-- Material provided follows --
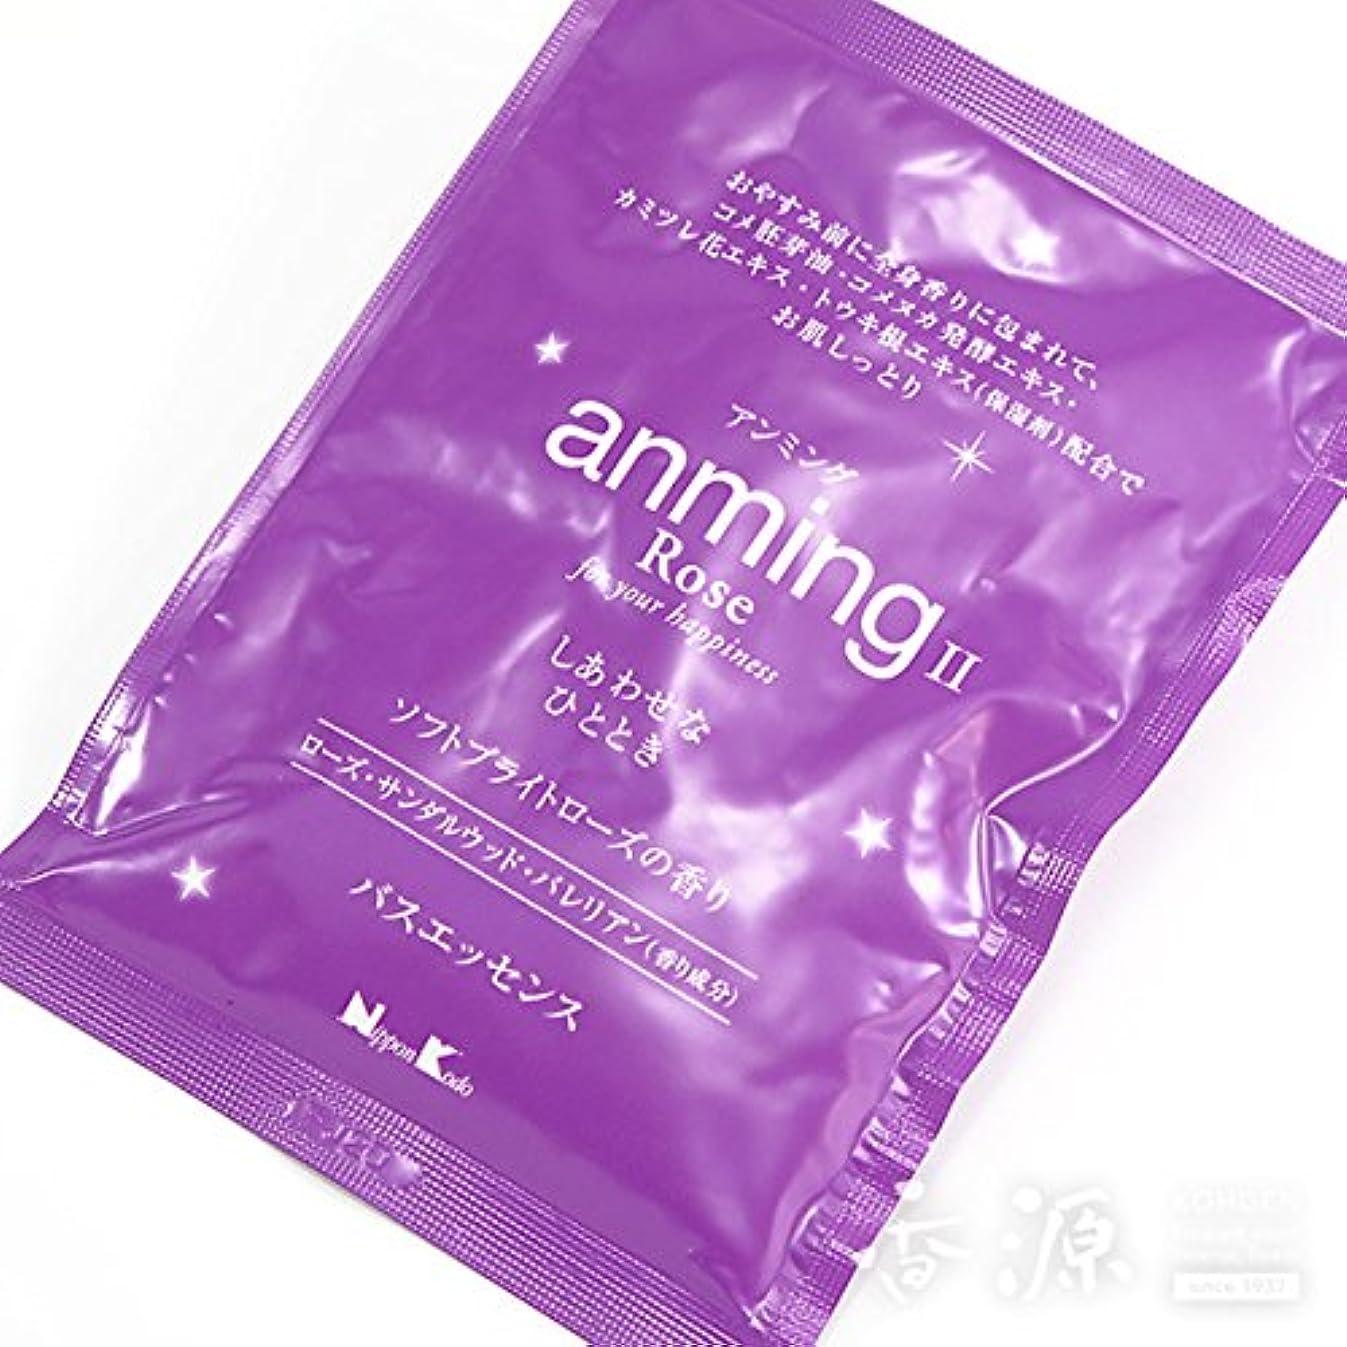 リサイクルする差し引く伝説日本香堂の入浴剤 アンミング2(anming2)バスエッセンス ミニタイプ
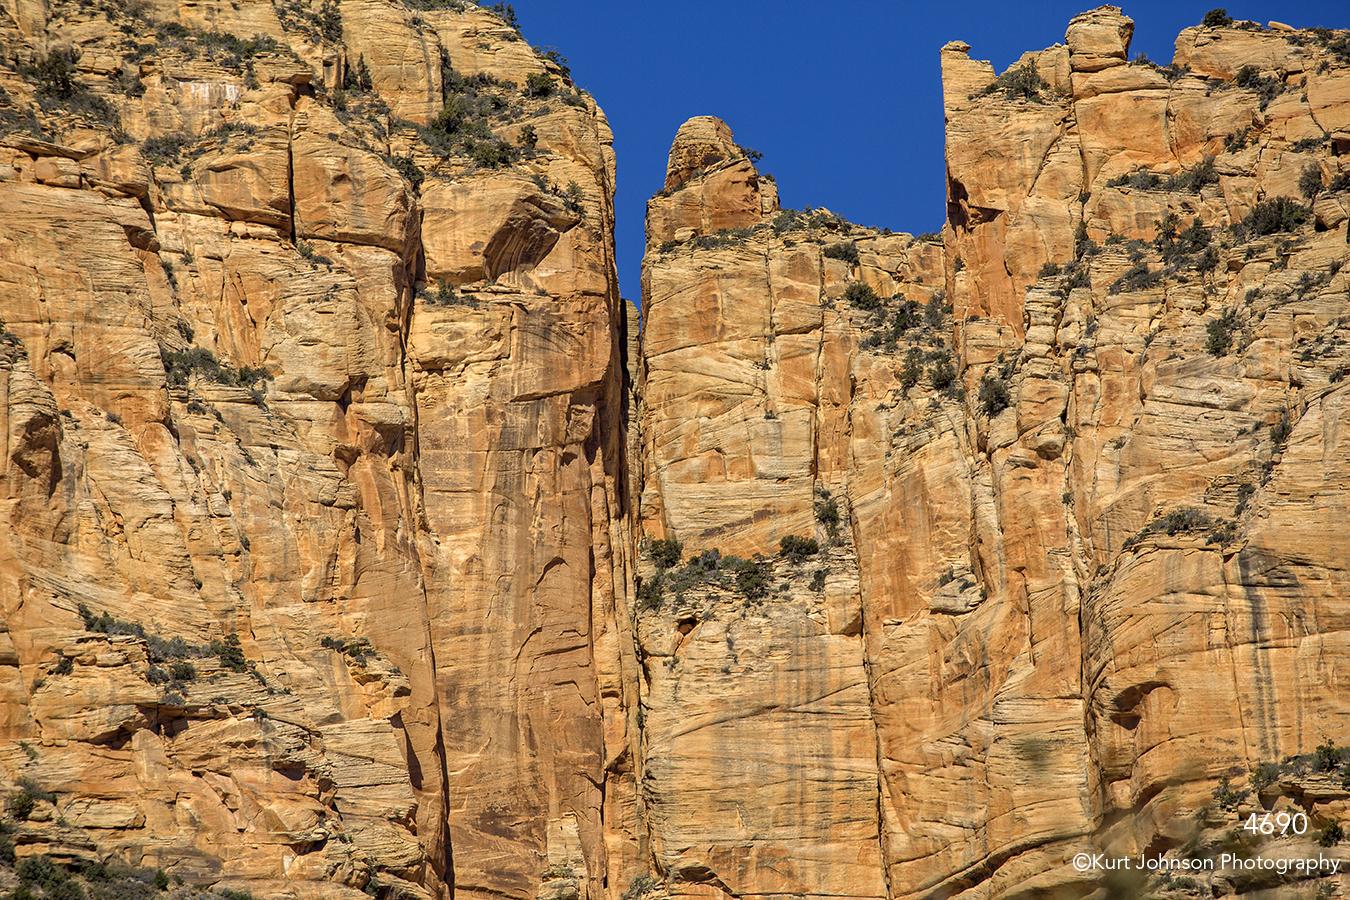 southwest cliffs rocks texture mountains
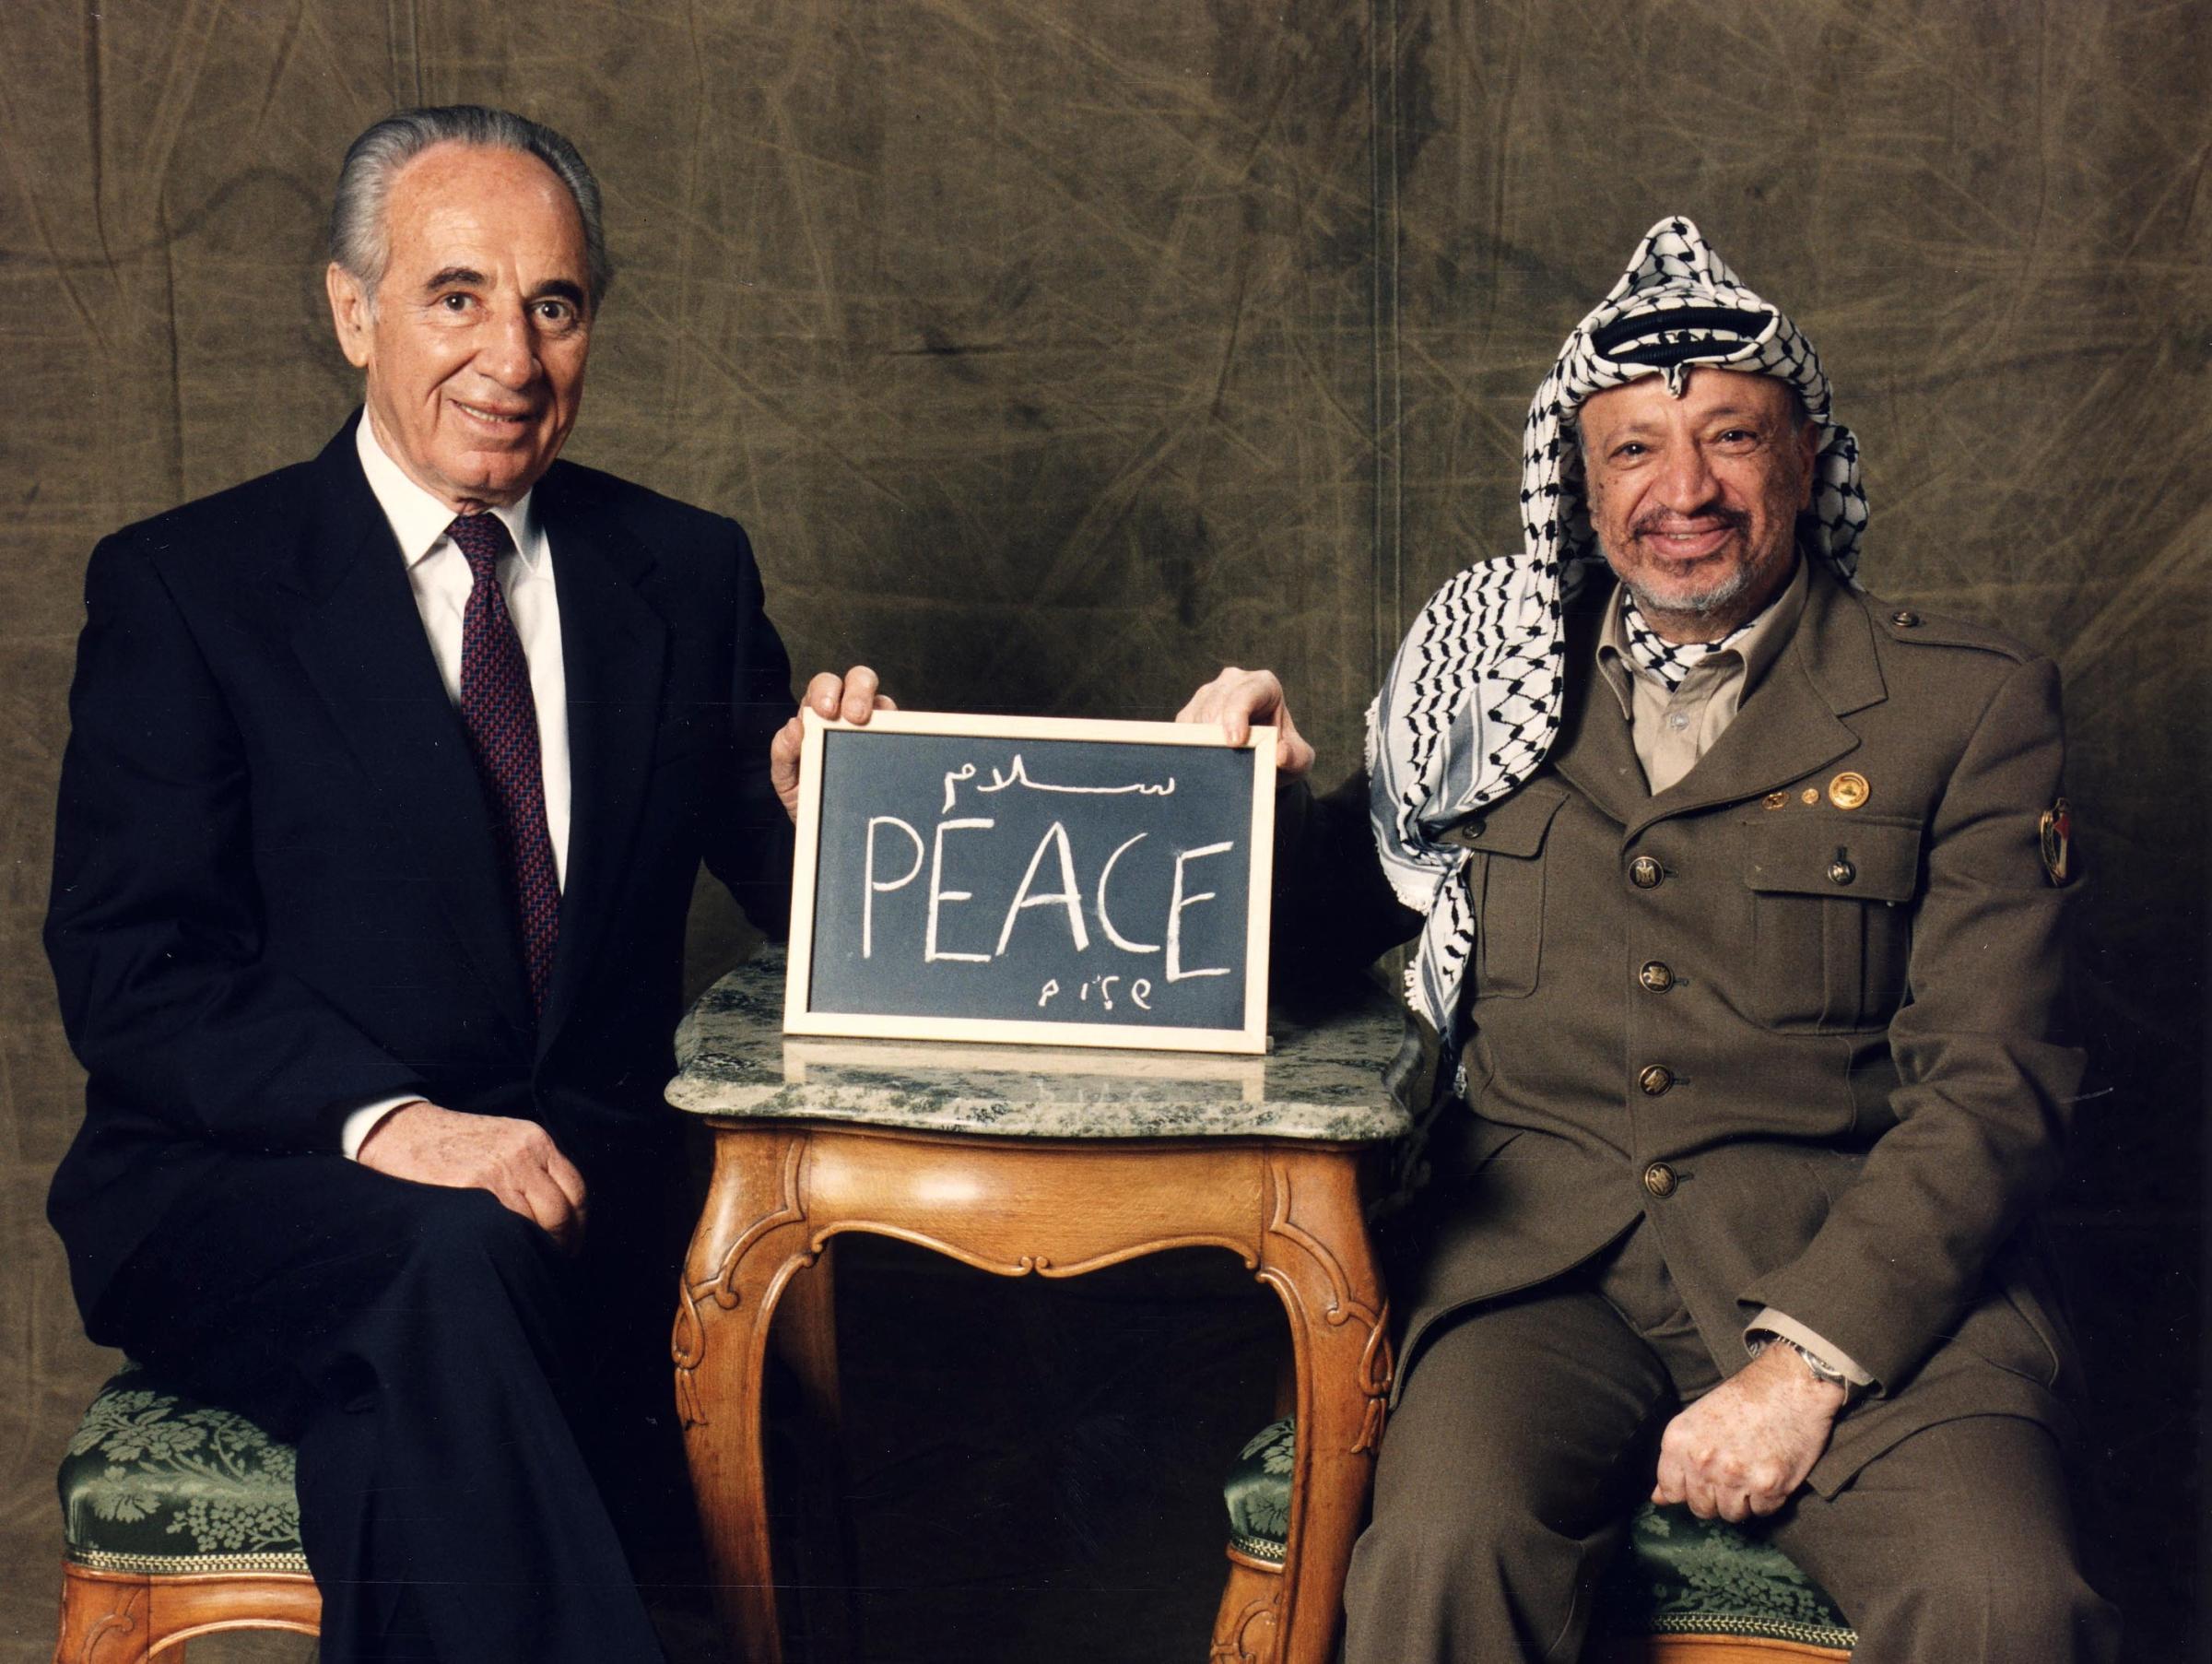 ARKIV 941212 - Israels utrikesminister Shimon Peres (v) och PLO-ledaren Yassir Arafat h嬬er upp en griffeltavla med ordet fred skrivet p堲espektives spr嫬 under fotograferingen p堇rand Hotel i Stockholm. Peres och Arafat mottog, tillsammans med Israels premi䲭inister Yatzhik Rabbin, Nobels Fredspris i Oslo tv堤agar tidigare, den 10 december 1994. Foto: Claes L�en Kod: 1029 COPYRIGHT SCANPIX SWEDEN Israele, morto l'ex presidente Shimon Peres Foto d'archivio LaPresse -- Only Italy
-- Material provided concluded --
Aside from its pictures, the listing must be given again in full, exactly as it appears.

▶ [Your solution]
 リサイクルする差し引く伝説日本香堂の入浴剤 アンミング2(anming2)バスエッセンス ミニタイプ
 southwest cliffs rocks texture mountains
 ARKIV 941212 - Israels utrikesminister Shimon Peres (v) och PLO-ledaren Yassir Arafat h嬬er upp en griffeltavla med ordet fred skrivet p堲espektives spr嫬 under fotograferingen p堇rand Hotel i Stockholm. Peres och Arafat mottog, tillsammans med Israels premi䲭inister Yatzhik Rabbin, Nobels Fredspris i Oslo tv堤agar tidigare, den 10 december 1994. Foto: Claes L�en Kod: 1029 COPYRIGHT SCANPIX SWEDEN Israele, morto l'ex presidente Shimon Peres Foto d'archivio LaPresse -- Only Italy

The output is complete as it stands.